--- Exercise brief ---
Output the full listing exactly as written, with no pictures in it.

--- Supplied information ---
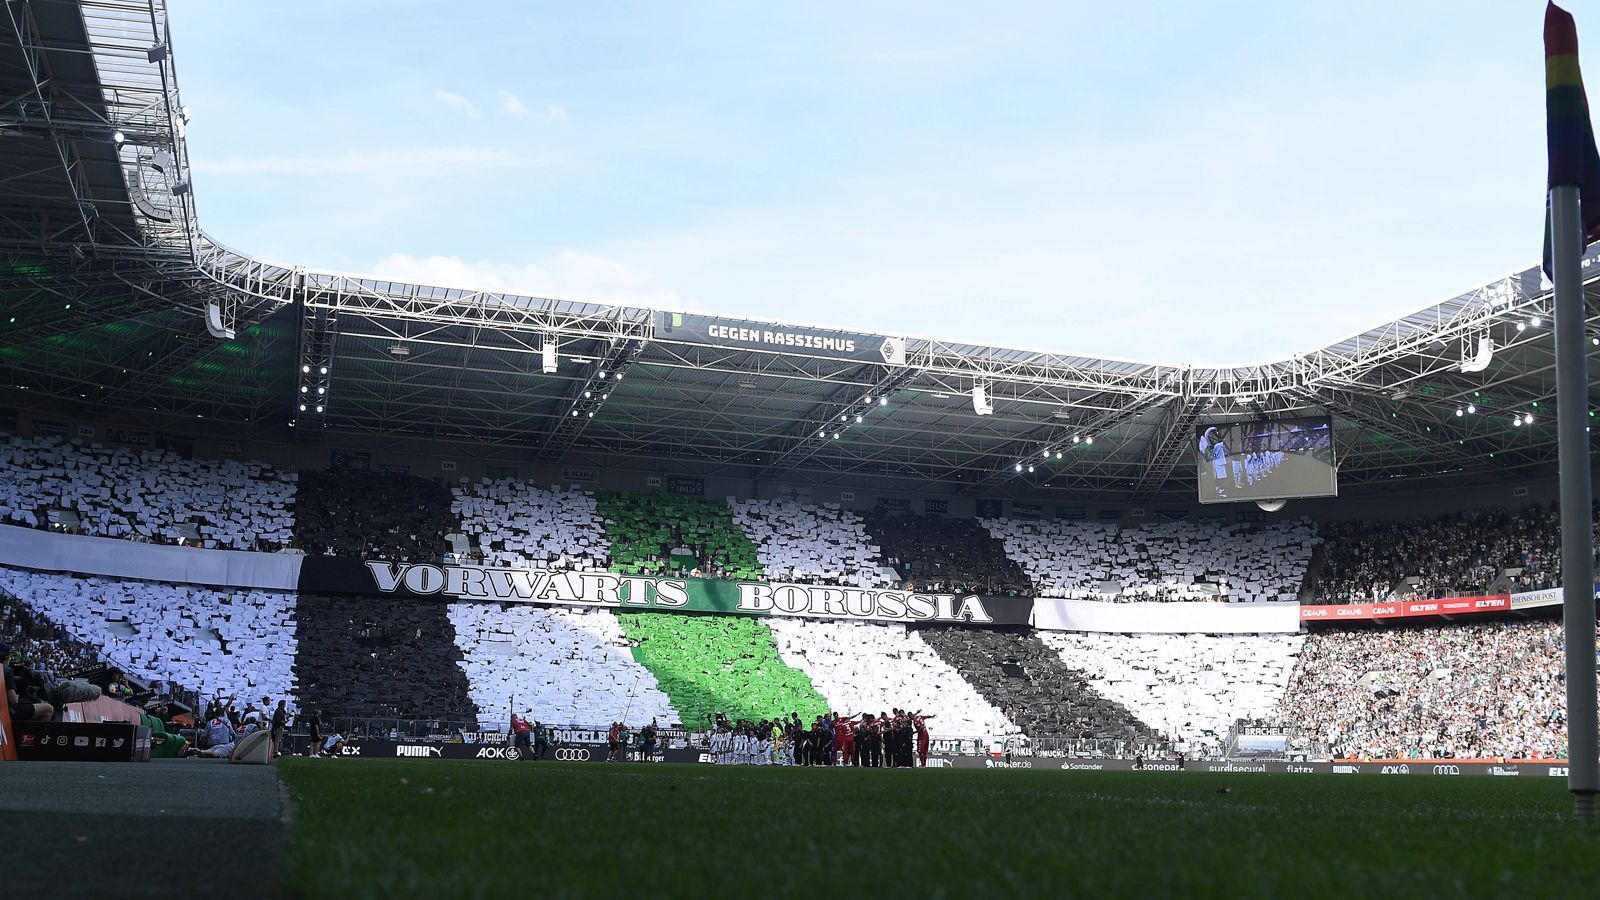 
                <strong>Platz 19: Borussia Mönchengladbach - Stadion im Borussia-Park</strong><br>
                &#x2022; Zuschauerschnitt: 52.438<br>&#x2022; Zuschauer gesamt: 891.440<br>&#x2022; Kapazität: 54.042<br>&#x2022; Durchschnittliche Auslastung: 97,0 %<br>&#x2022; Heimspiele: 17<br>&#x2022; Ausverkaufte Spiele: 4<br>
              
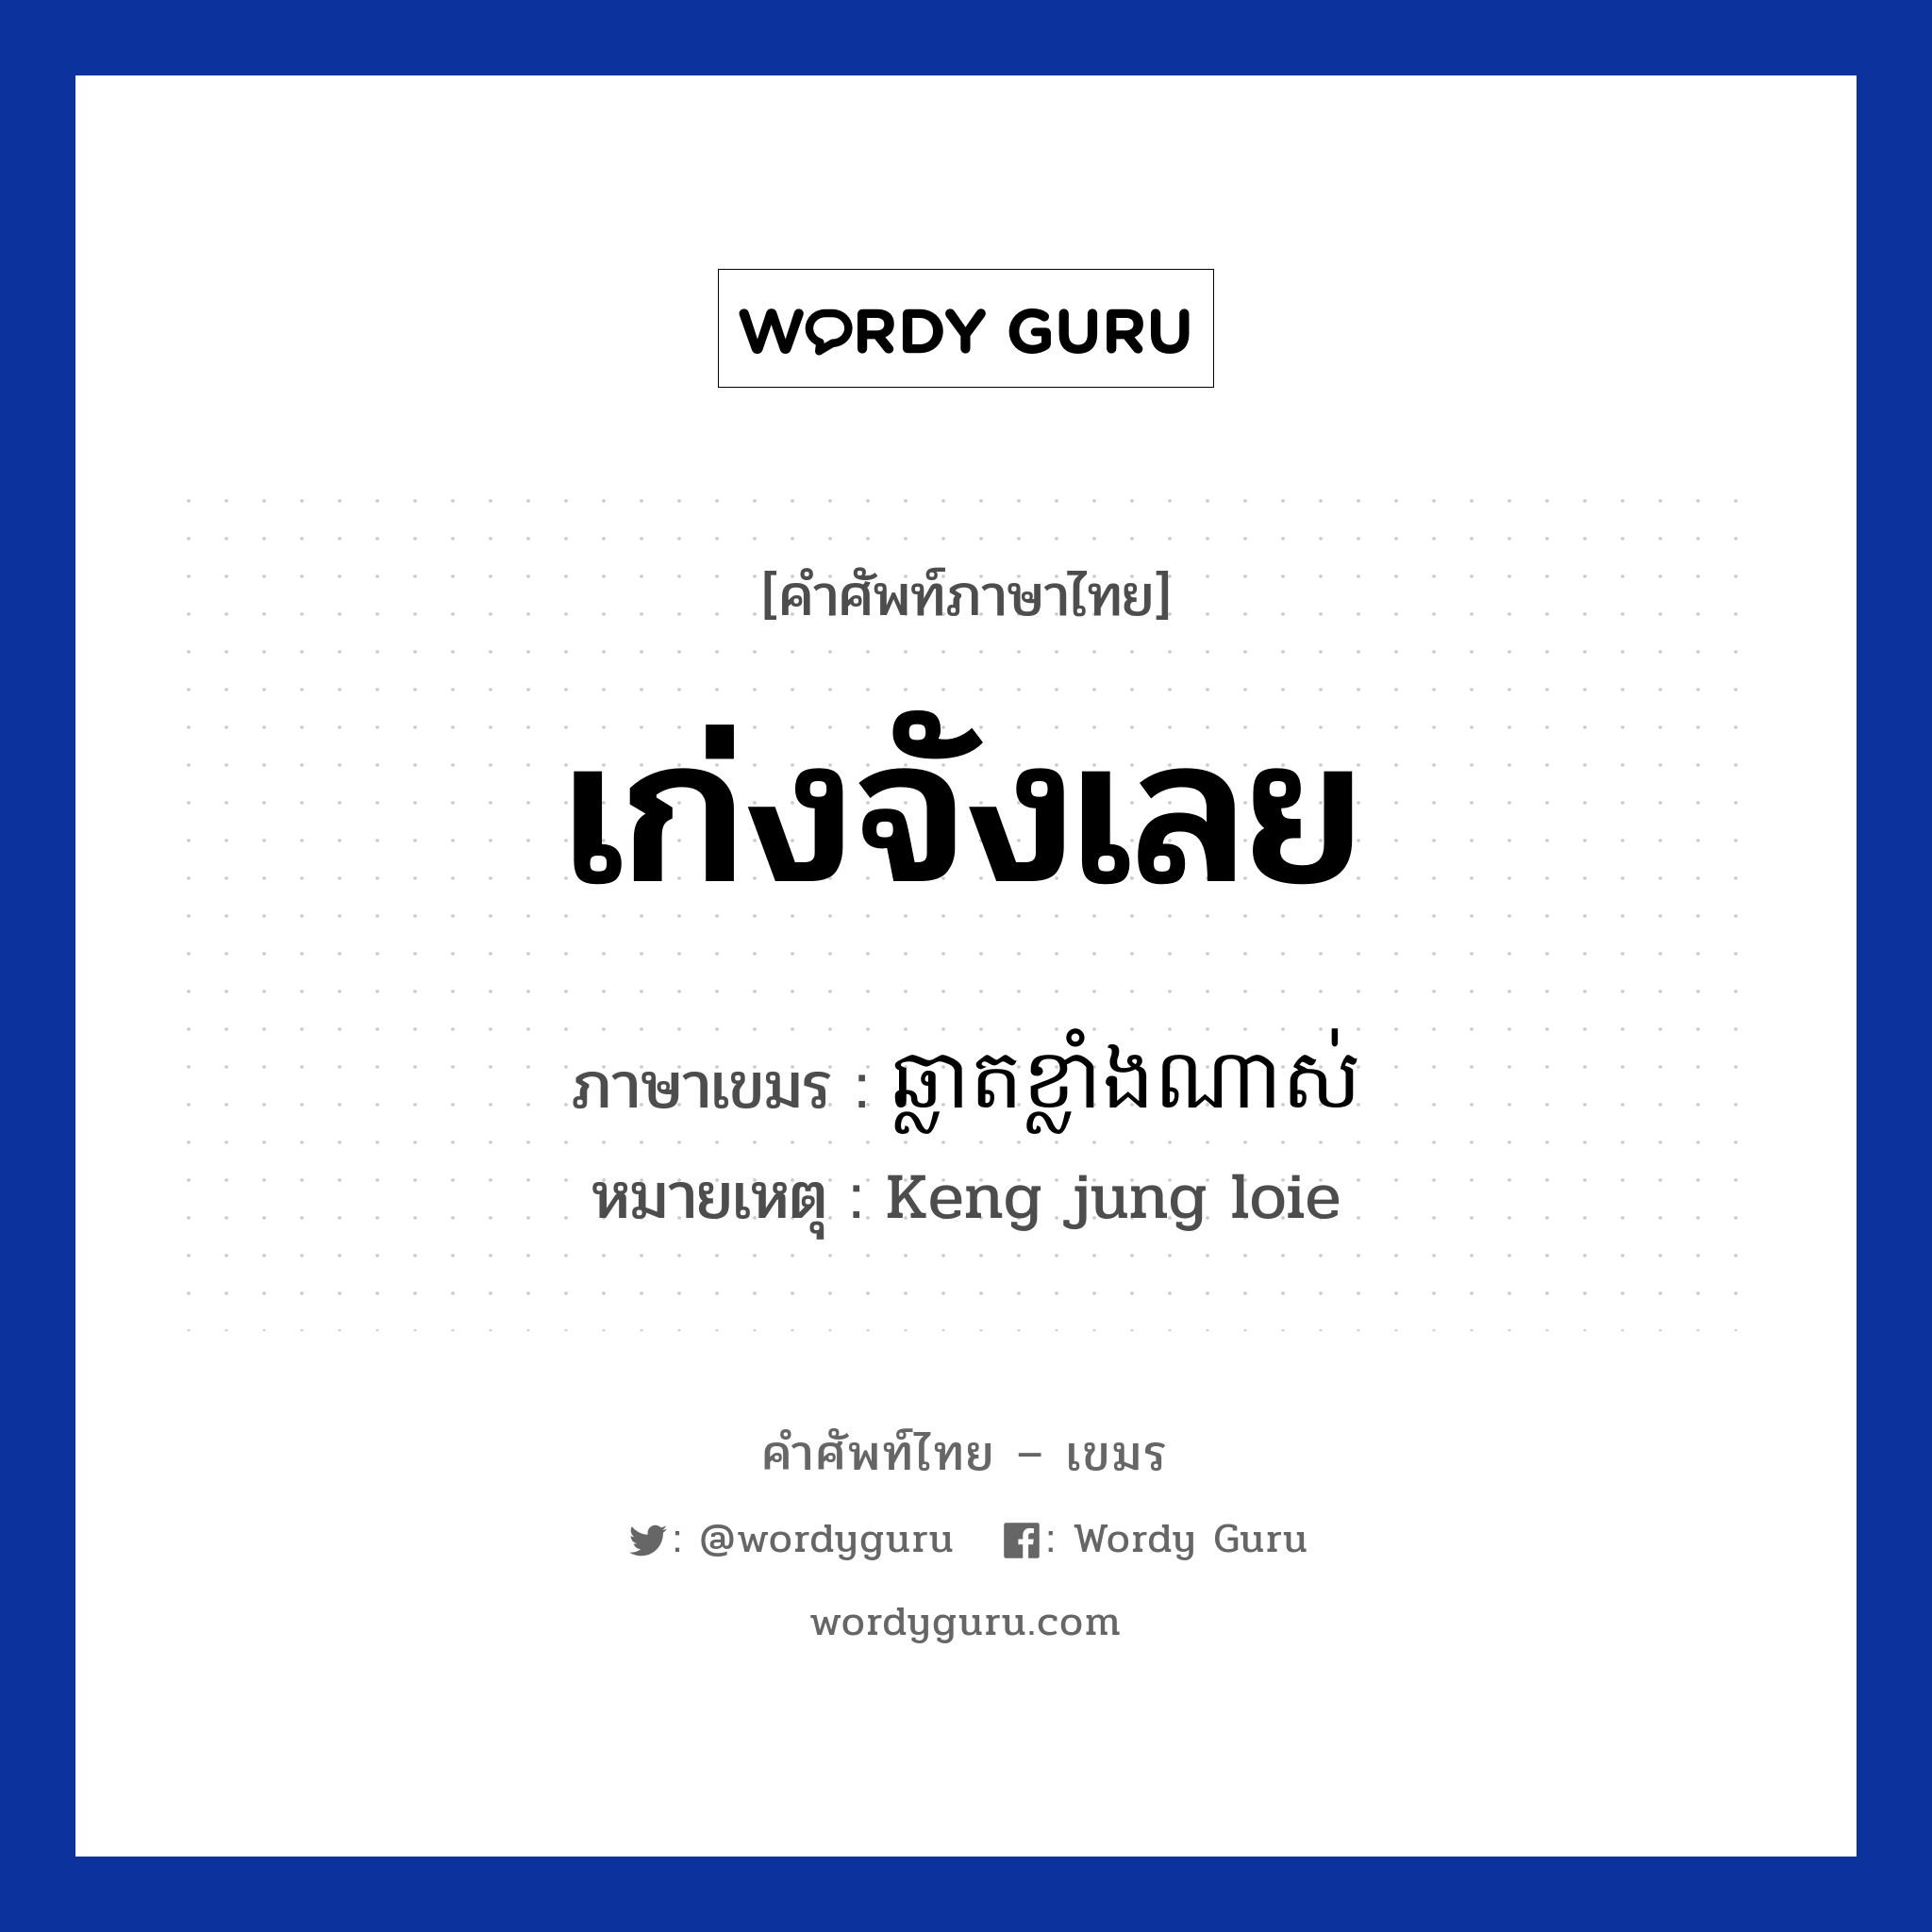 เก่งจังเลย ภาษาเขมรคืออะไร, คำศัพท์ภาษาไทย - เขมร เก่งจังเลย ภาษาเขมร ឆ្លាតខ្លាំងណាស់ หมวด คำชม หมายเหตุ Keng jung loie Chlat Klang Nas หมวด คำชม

--- Solution for this problem ---
                <strong>Platz 19: Borussia Mönchengladbach - Stadion im Borussia-Park</strong><br>
                &#x2022; Zuschauerschnitt: 52.438<br>&#x2022; Zuschauer gesamt: 891.440<br>&#x2022; Kapazität: 54.042<br>&#x2022; Durchschnittliche Auslastung: 97,0 %<br>&#x2022; Heimspiele: 17<br>&#x2022; Ausverkaufte Spiele: 4<br>
              
 เก่งจังเลย ภาษาเขมรคืออะไร, คำศัพท์ภาษาไทย - เขมร เก่งจังเลย ภาษาเขมร ឆ្លាតខ្លាំងណាស់ หมวด คำชม หมายเหตุ Keng jung loie Chlat Klang Nas หมวด คำชม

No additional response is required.